La angustia ha pasado a llamarse pánico, la neurosis obsesiva, trastorno obsesivo- compulsivo y la psicosis maníaco-depresiva, trastorno afectivo bipolar o trastorno bipolar a secas. Seguir utilizando la antigua denominación parece un pecado mayor de desactualización cuando en realidad la actualización no pasa de ser un simple cambio de nombre. En otros casos el problema es más profundo y tiene que ver con inocultables intenciones políticas. Lo que antes llamábamos un niño difícil por lo travieso, hoy puede reunir criterios de trastorno de desatención e hiperactividad, dando lugar a medicaciones verdaderamente sobreindicadas y no exentas de peligros. Esta preocupante tendencia a encuadrar los altibajos emocionales de la vida habitual en procesos patológicos pronto transformará al adolescente rebelde (un clásico de todos los tiempos) en un enfermo con “trastorno oposicionista desafiante de la personalidad”, o una persona tímida pasará a padecer un trastorno de evitación. La conclusión es sencilla: todos los seres humanos seremos en definitiva, enfermos merecedores de ser tratados con métodos y medicamentos costosos, lo cual puede representar un mercado global verdaderamente gigantesco.

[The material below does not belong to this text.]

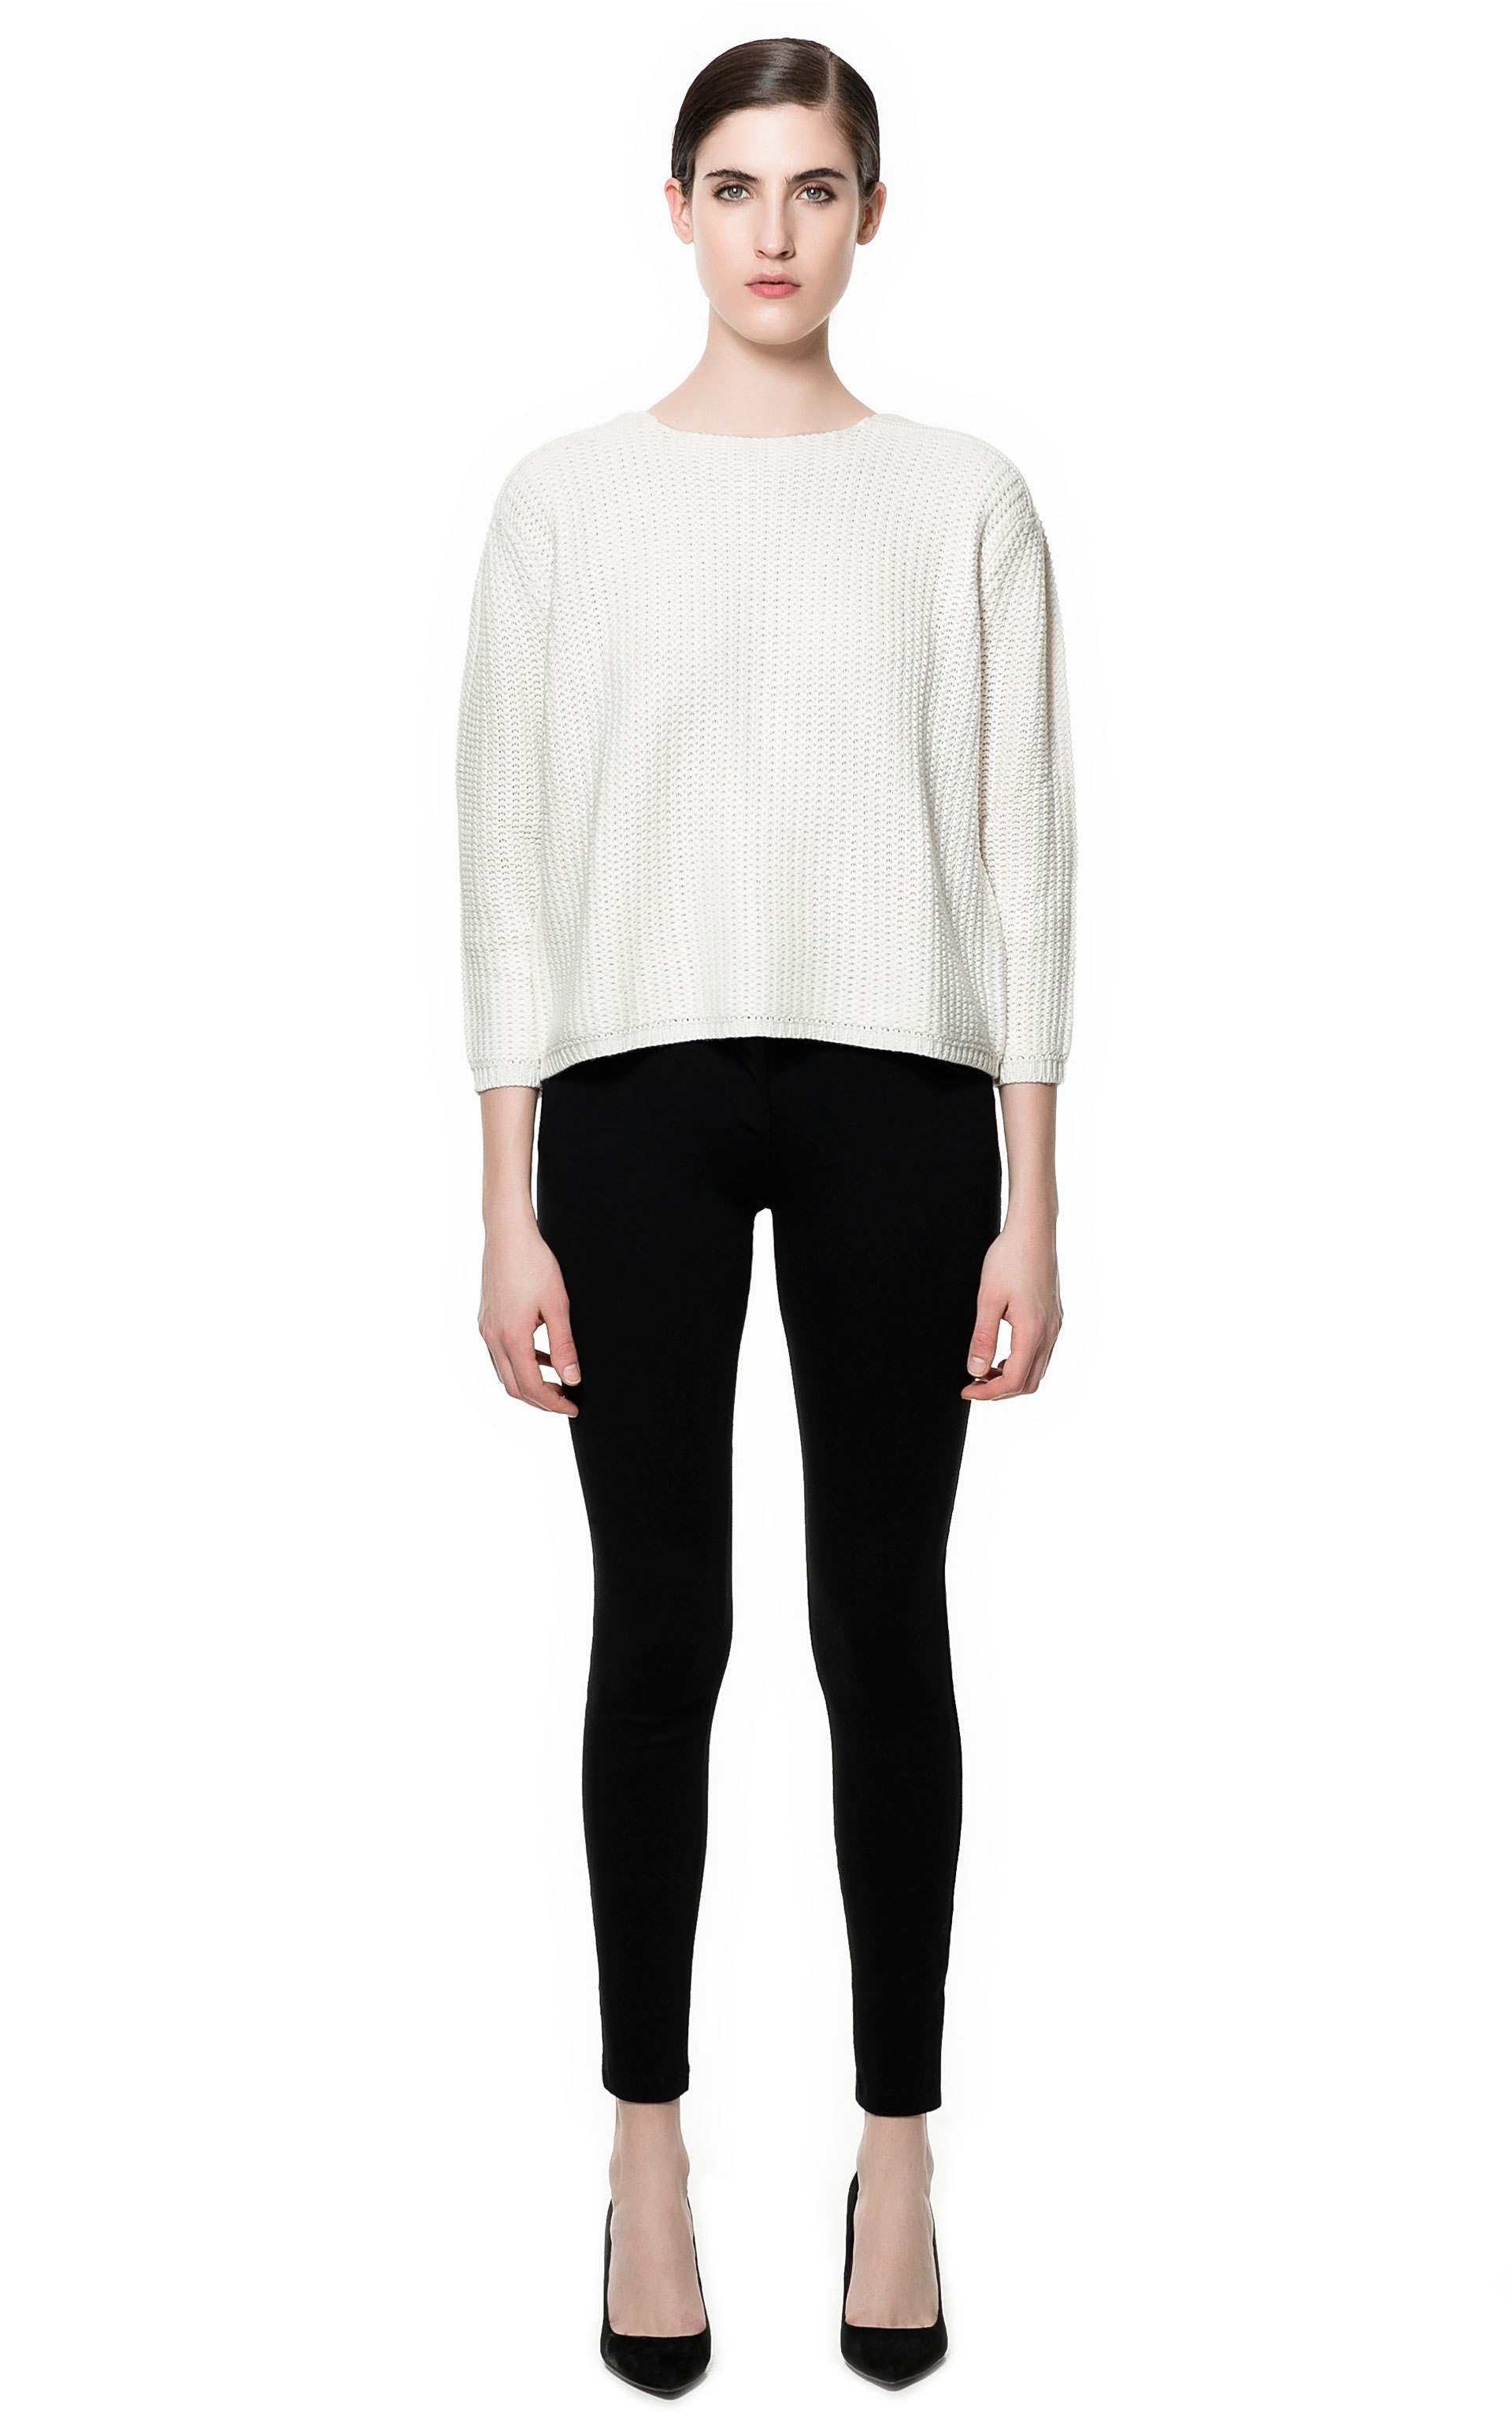 Innovative Women39s Faux Leather Pants Women39s Black Leather Pants

¿Qué hay detrás del nombre de la enfermedad? En algunos casos, la necesidad de sentir la ilusión de seguridad al pensar que conocemos bien al enemigo contra el cual intentamos luchar. En otros, una soberbia actitud de simulación de actualización científica permanente. En los menos inocentes, la intención de reclutar candidatos para vender medicamentos masivamente.

Pero debemos volver a las fuentes. No hay enfermedades sino enfermos. Solamente cuando profundicemos en esta afirmación, entenderemos que más importante que ponerle un nombre al proceso mórbido es conocer de verdad al ser humano ya que si no sabemos quién es, cómo vive y qué significan para él salud y enfermedad, probablemente seguirá estando enfermo por más diagnóstico certero que supongamos haber hecho de su padecimiento.